- Born: June 25, 1879 Rockport, Indiana, United States
- Died: June 6, 1952
- Education: Indiana University Bloomington (B.A., M.A.) Stanford University (M.A.) Cornell University (Ph.D.)
- Known for: Described several taxa of fish and insects
- Awards: Honorary doctorate, Indiana University (1950)
- Scientific career
- Fields: Entomology, Ichthyology
- Workplaces: United States Bureau of Fisheries

= Clarence Hamilton Kennedy =

American entomologist and ichthyologist

Clarence Hamilton Kennedy (June 25, 1879 – June 6, 1952) was an American entomologist and ichthyologist. He described among others Aphyocharax anisitsi, Celaenura gemina, Hypostomus boulengeri, and Ischnura gemina.

==Biography==
Kennedy was born in Rockport, Indiana. In 1902, he received his bachelor's degree, and in 1903 he earned a master's degree from Indiana University Bloomington. After graduating, he worked at the United States Bureau of Fisheries in Washington, D.C.

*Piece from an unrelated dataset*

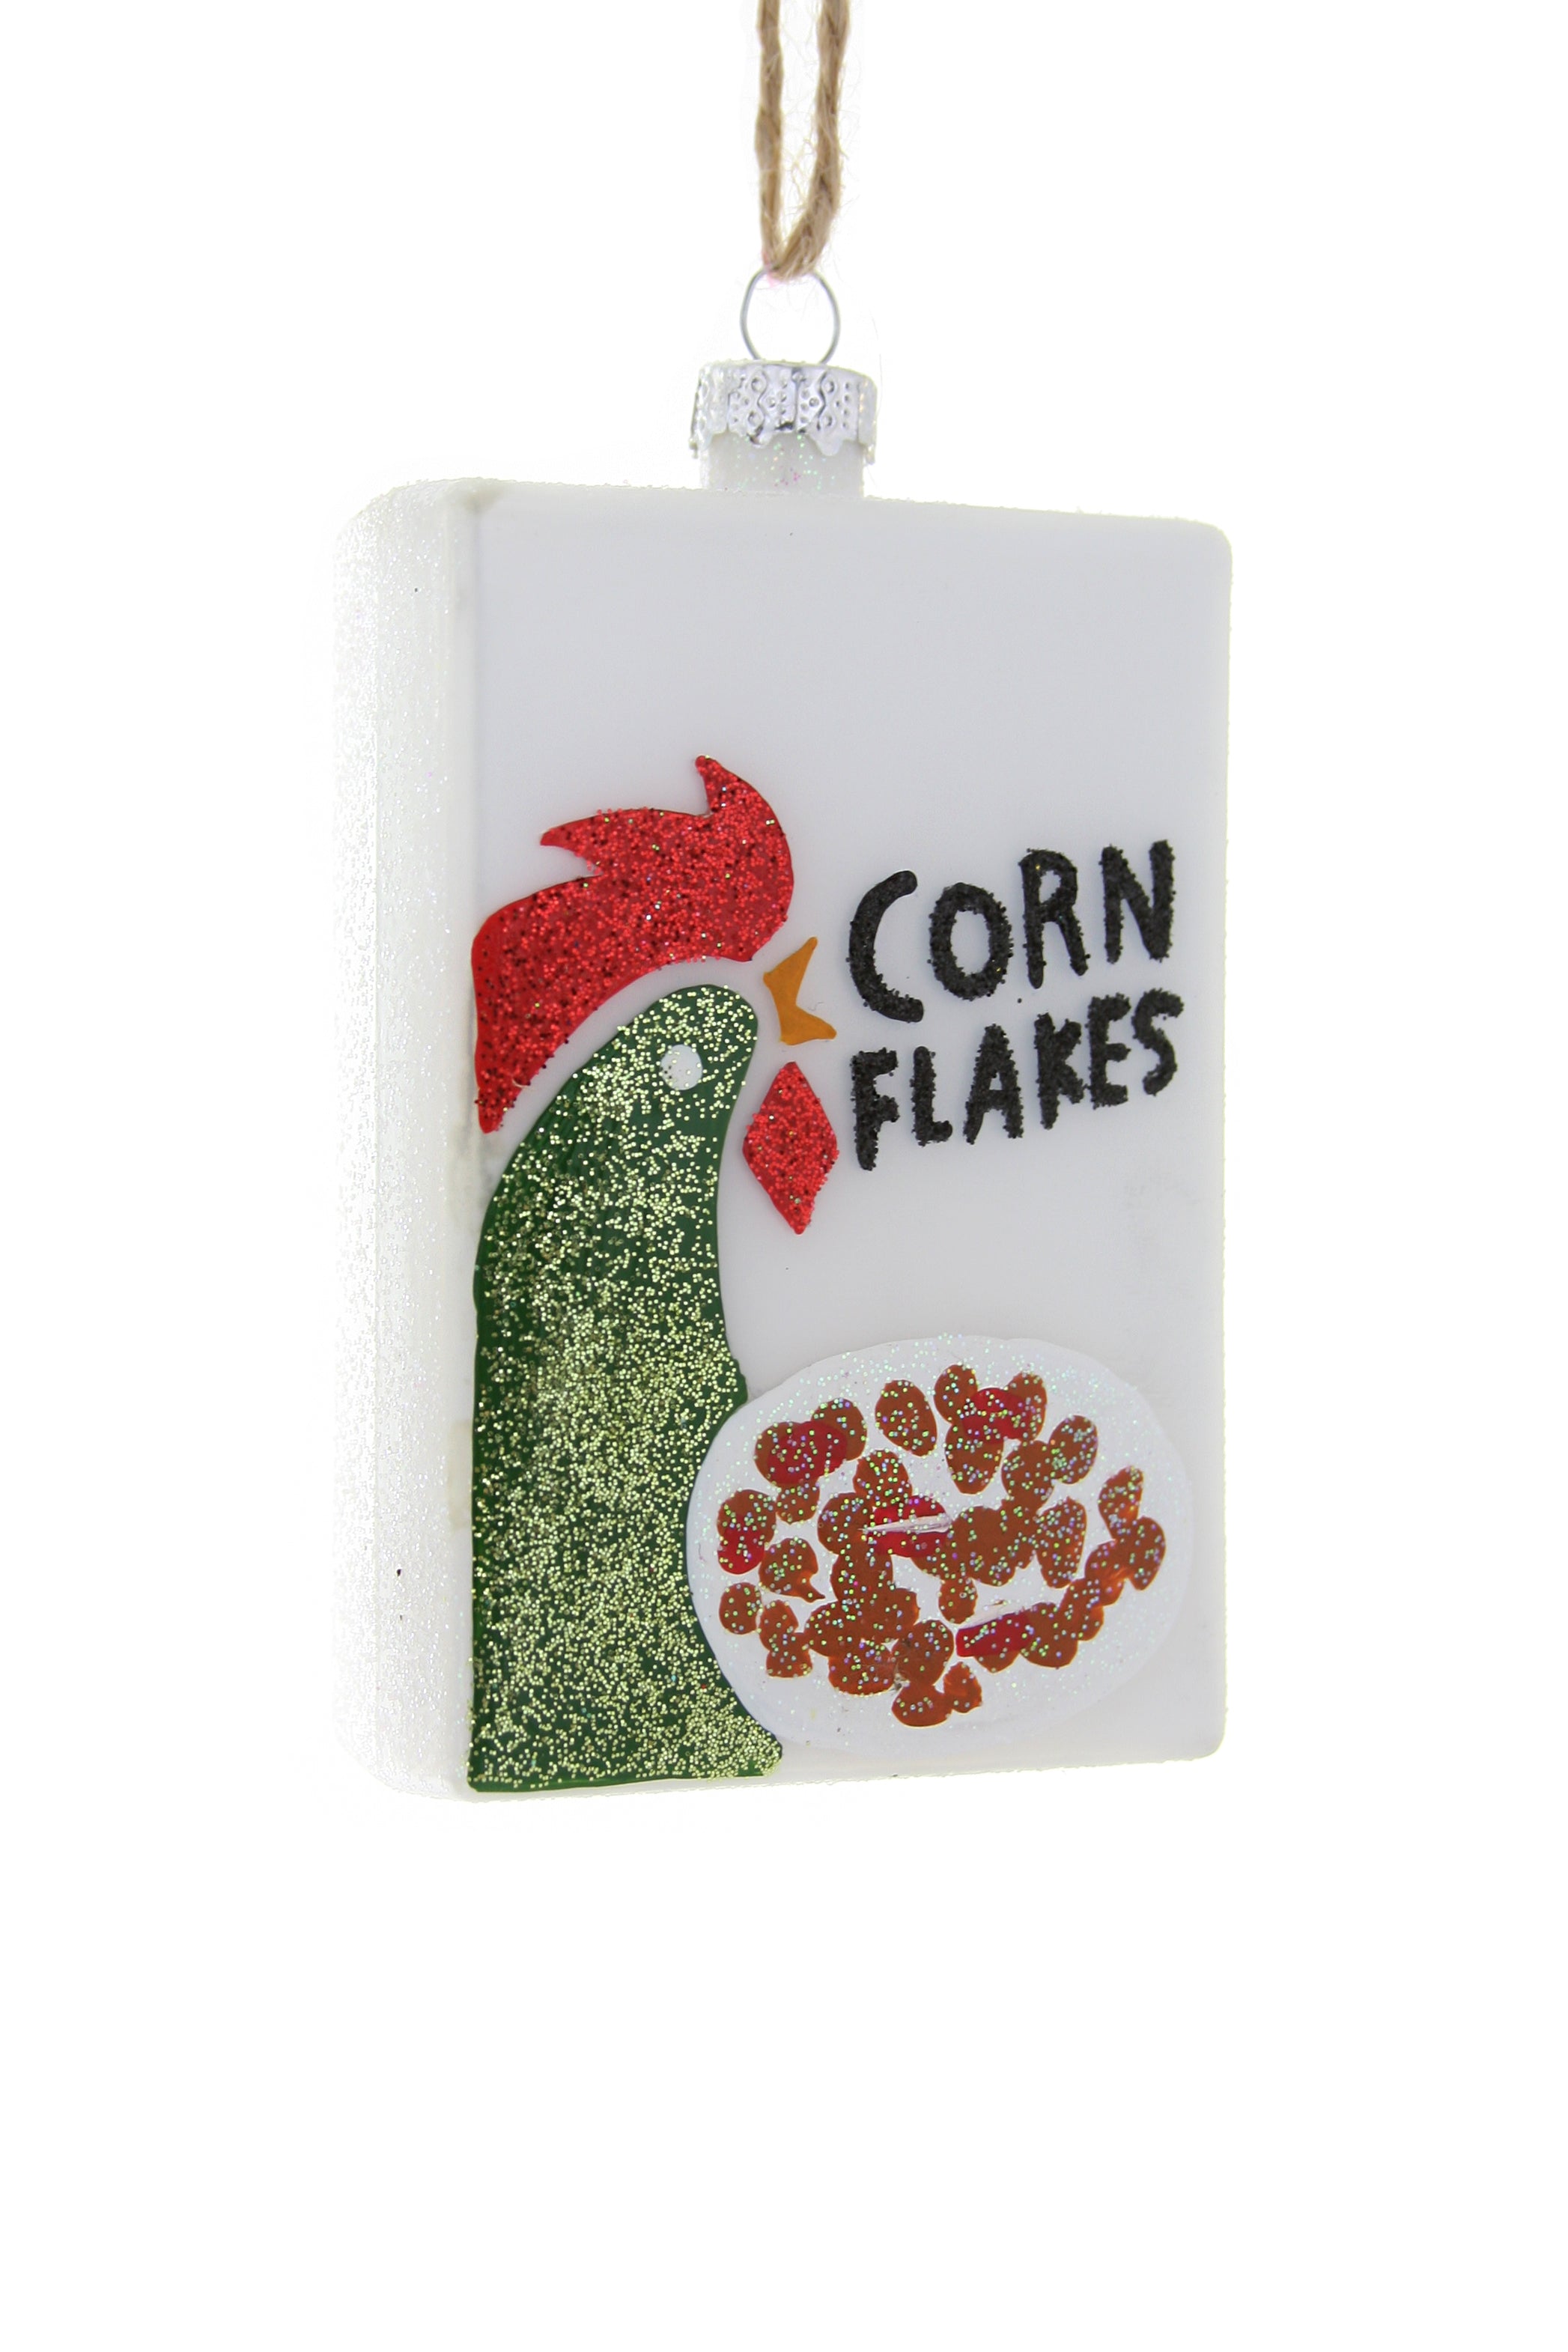 Corn Flakes Box Ornament
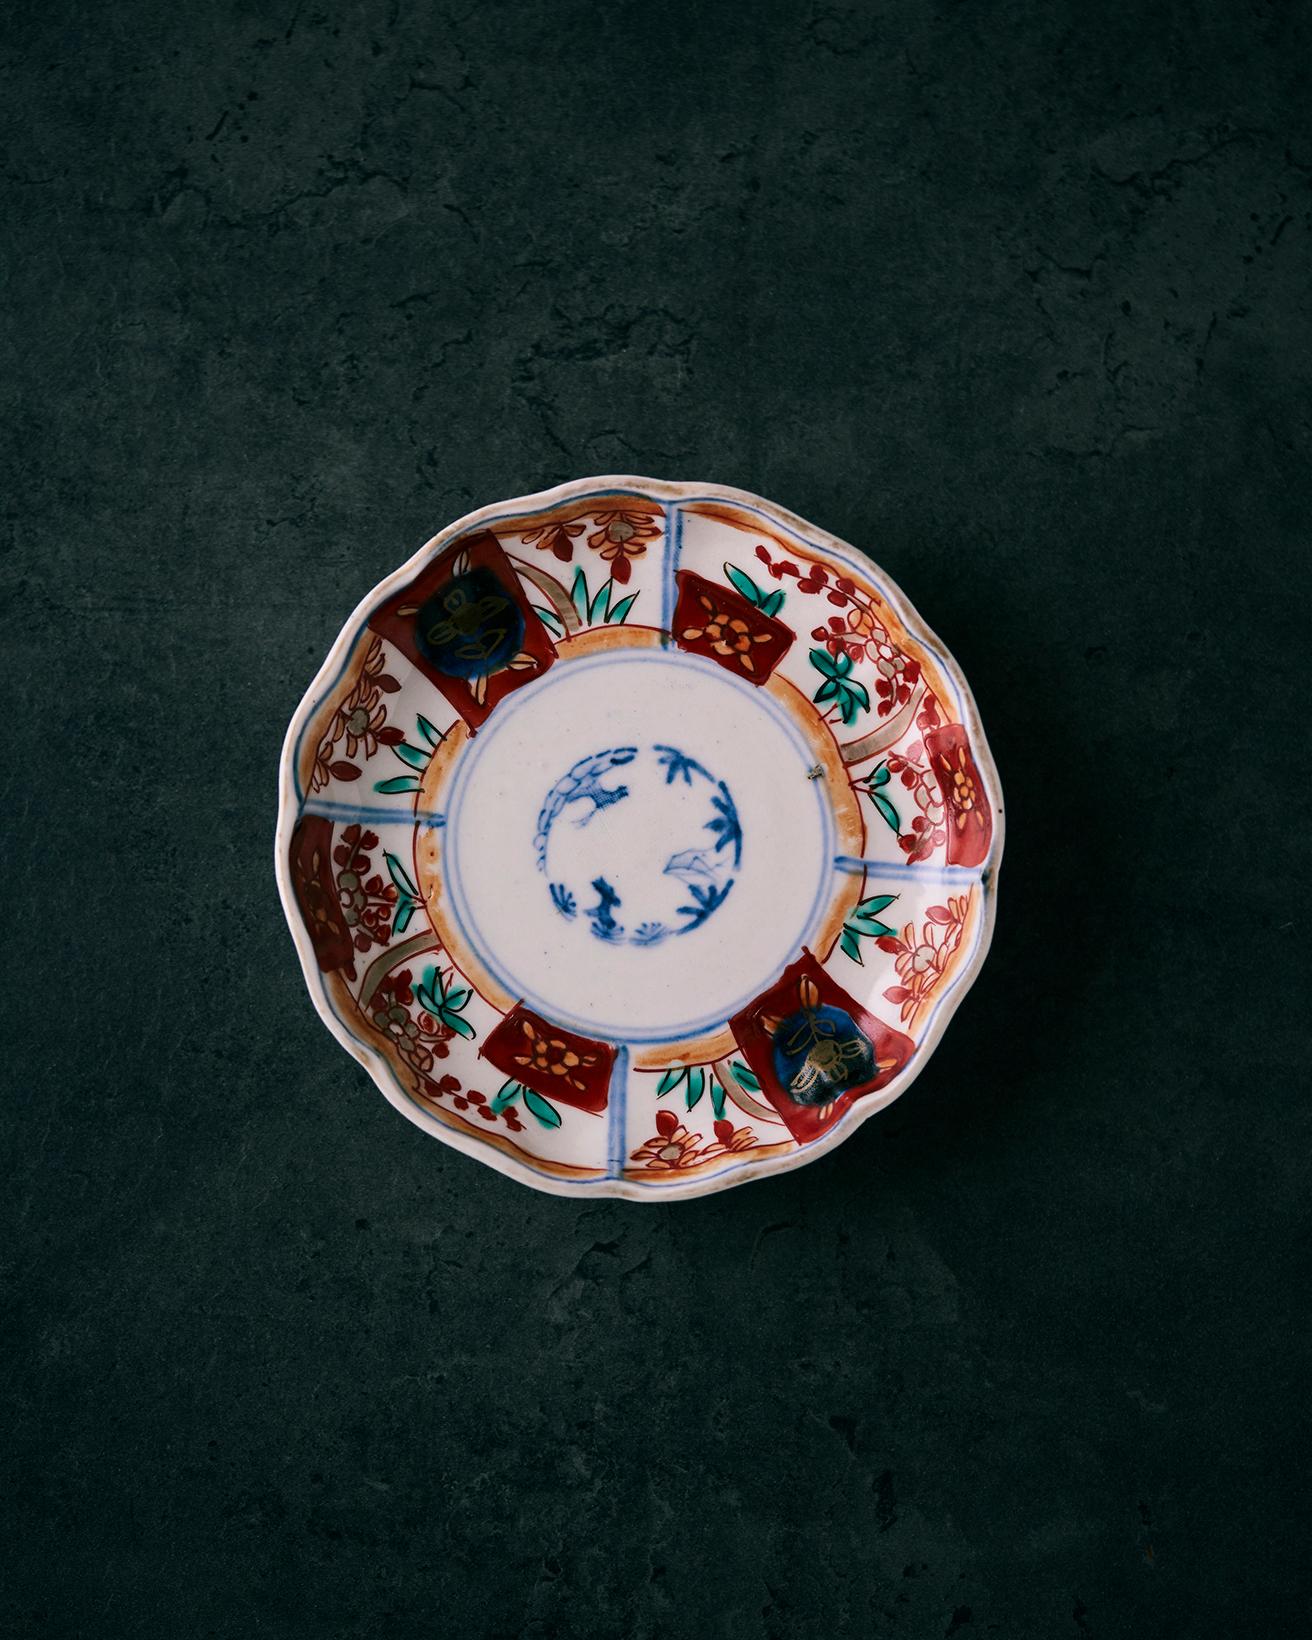 金沢へ旅した時に骨董屋さんで購入した古伊万里の豆皿です。パッと華やかな気分になります。旅先では毎回1つ骨董品を買って帰るのを自分へのお土産代わりにしています。

In 1915, Kennedy obtained another master's degree at Stanford University, and in 1919 he completed his Ph.D. dissertation at Cornell University. He worked at several American universities, building an academic career and eventually becoming a professor. He served on an editorial board publishing monographs on the ecology of South America. In 1950, Indiana University awarded him an honorary doctorate.

Kennedy married in March 1927 and had a son and a daughter.